Keys:  dict_keys(["Timmy's Height", "Jimmy's Height", "Kimmy's Height", 45])

Values:  dict_values([65, 74, 84, 'Forty Five'])


## Functions in Python

### What is a function?

A **function** is a reusable block of code that performs a specific task. Functions help make programs easier to read, reduce repetition, and organize logic into meaningful units.

### How Functions Work
When a function is called, Python:
1. Takes the input values (called **arguments** or **parameters**),
2. Executes the statements inside the function,
3. Returns an output value (if specified).

Functions allow you to write code once and use it many times with different inputs.

### Defining a Function
To define a function in Python:
- Start with the keyword `def`.
- Give the function a **name** that describes what it does.
- Specify **parameters**, which act as placeholders for input values.
- Write the function’s logic in an indented block below the definition.
- Optionally, specify a **return value**, which is the result produced by the function.

### Key Concepts
- **Parameters** are the variable names used in the function definition.
- **Arguments** are the actual values passed into the function when it is called.
- A function does not run when it is defined — it only runs when it is called.
- Variables created inside a function are **local** to that function and do not affect variables outside of it unless explicitly returned.

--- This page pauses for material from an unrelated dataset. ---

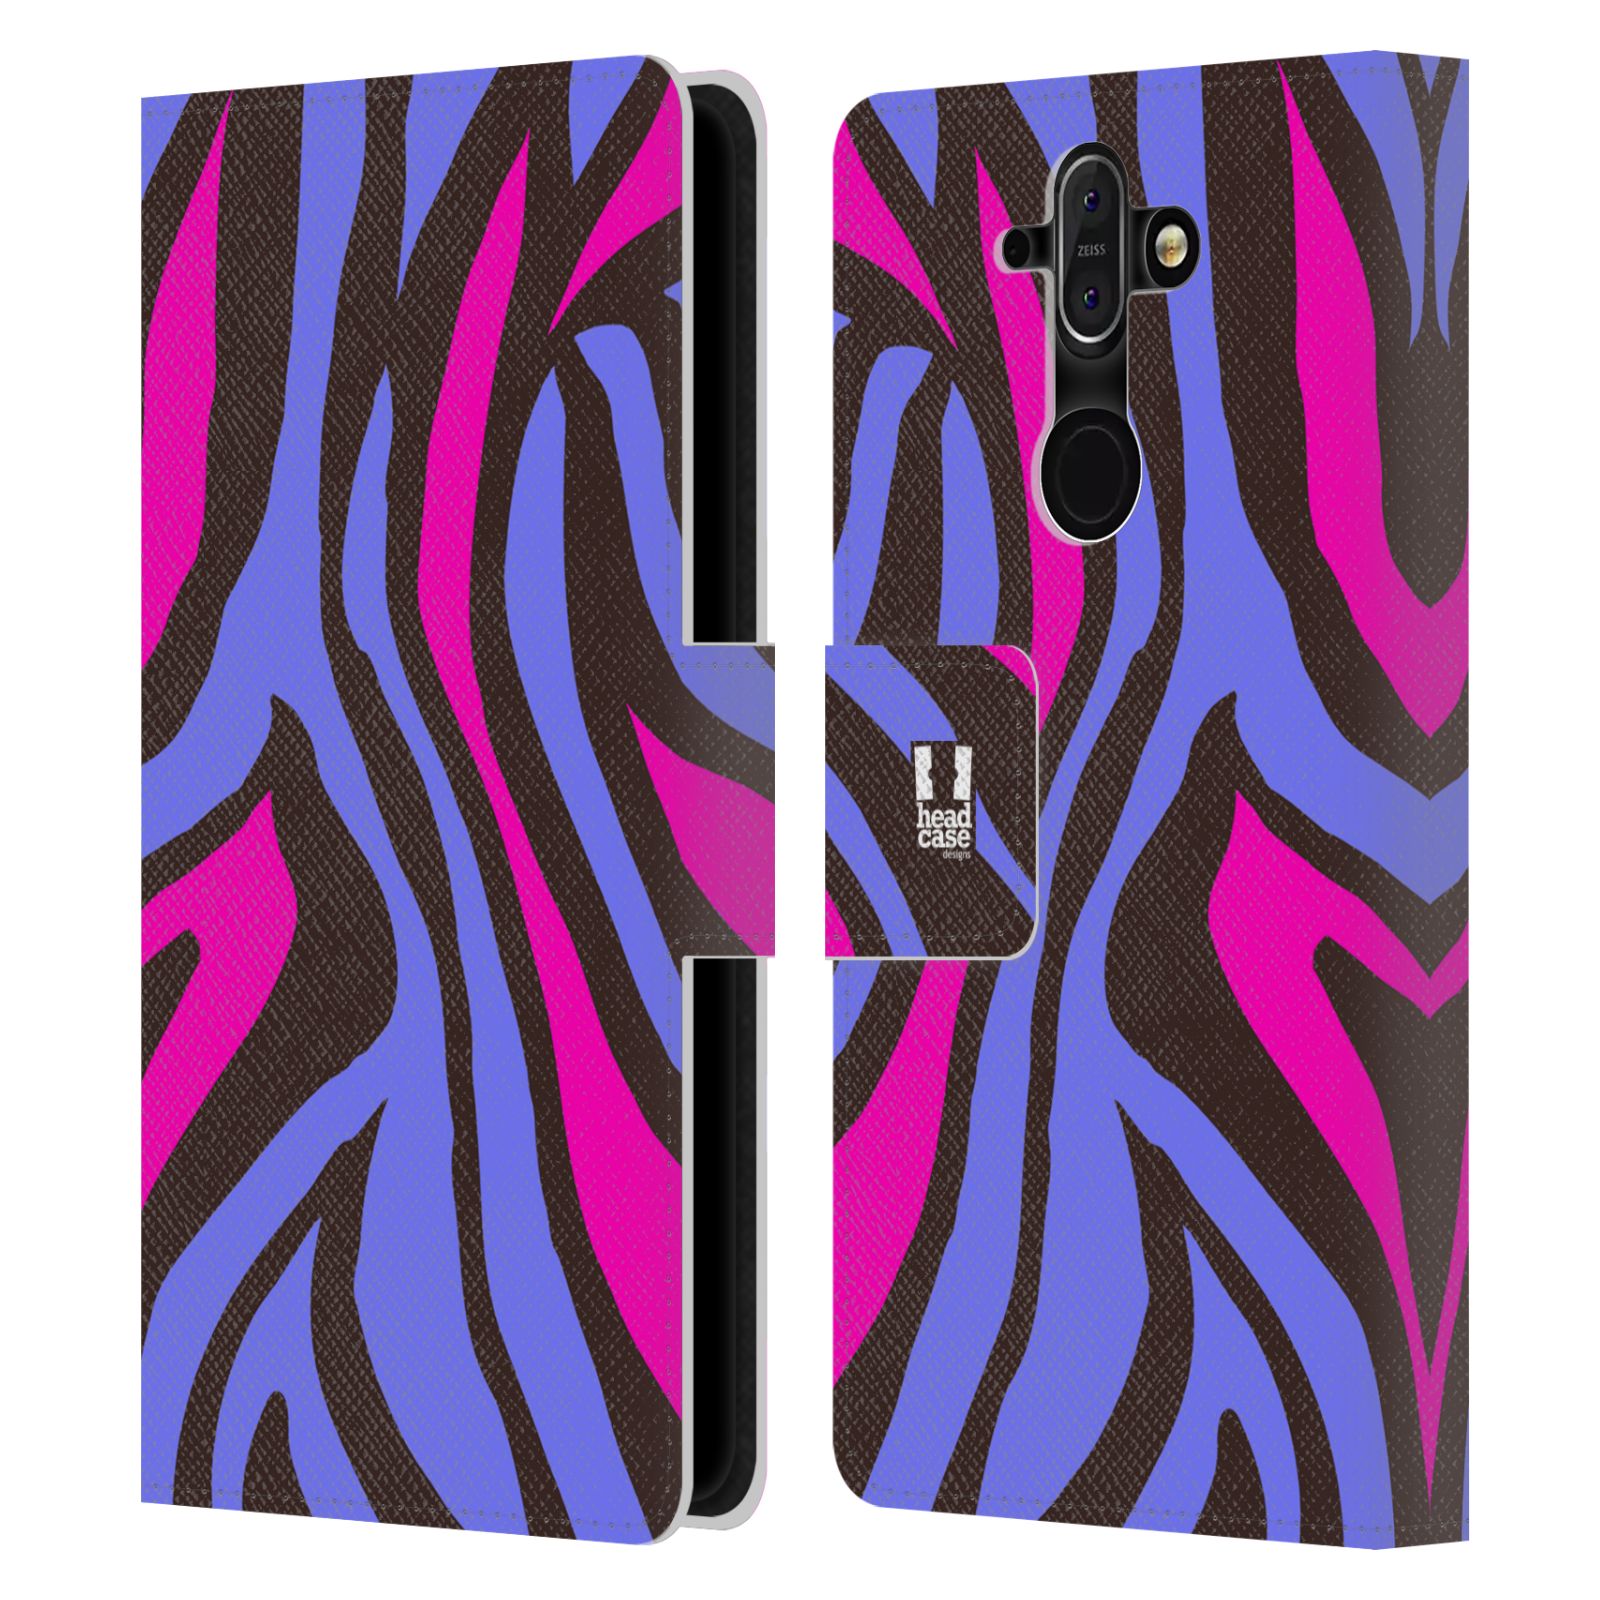 Pouzdro pro mobil Nokia 8 Sirocco - Divoký vzor zvíře fialová, růžová

Functions are a core building block of Python and are essential for writing clean, modular, and maintainable code.


In [32]:
# This function does not take any parameters or return any values
def first_function():
    print(" \O/")
    print("  |")
    print(" / \ ")

In [33]:
first_function()

 \O/
  |
 / \ 


In [34]:
# This function takes in two parameters and returns a string
def second_function(a, b):
    return a+b

In [35]:
second_function(9,10)

19

In [36]:
second_function("He","llo")

'Hello'

##### Note
This function works when the inputs are both ints or strings. Typically, we write functions with a specific data type in mind for each parameter. This should be explained to the user in the documentation.

In [37]:
def summarize_scores(name, scores):
    """
    This is called a docstring. It is used to document what the function does and how to use it.
    
    This function takes a person's name (string) and a list of numeric scores.
    Returns a dictionary summarizing the results.
    """
    total = sum(scores)
    average = total / len(scores)

    summary = {
        "name": name,
        "total_score": total,
        "average_score": average,
        "num_scores": len(scores)
    }

    return summary

In [38]:
summarize_scores("Timmy", [95,90,98,88,0,100,86])

{'name': 'Timmy',
 'total_score': 557,
 'average_score': 79.57142857142857,
 'num_scores': 7}

##### Note
The function above uses functions within it. sum() and len() are built in functions in Python. sum() adds up all values in a list and returns the sum. len() takes the length of any iterable (list, string, etc.).

## Conditionals

**Conditionals** allow a program to make decisions based on whether a condition is `True` or `False`.

### How Conditionals Work
Python evaluates a condition:
- If the condition is `True`, the corresponding block of code runs.
- If the condition is `False`, that block is skipped.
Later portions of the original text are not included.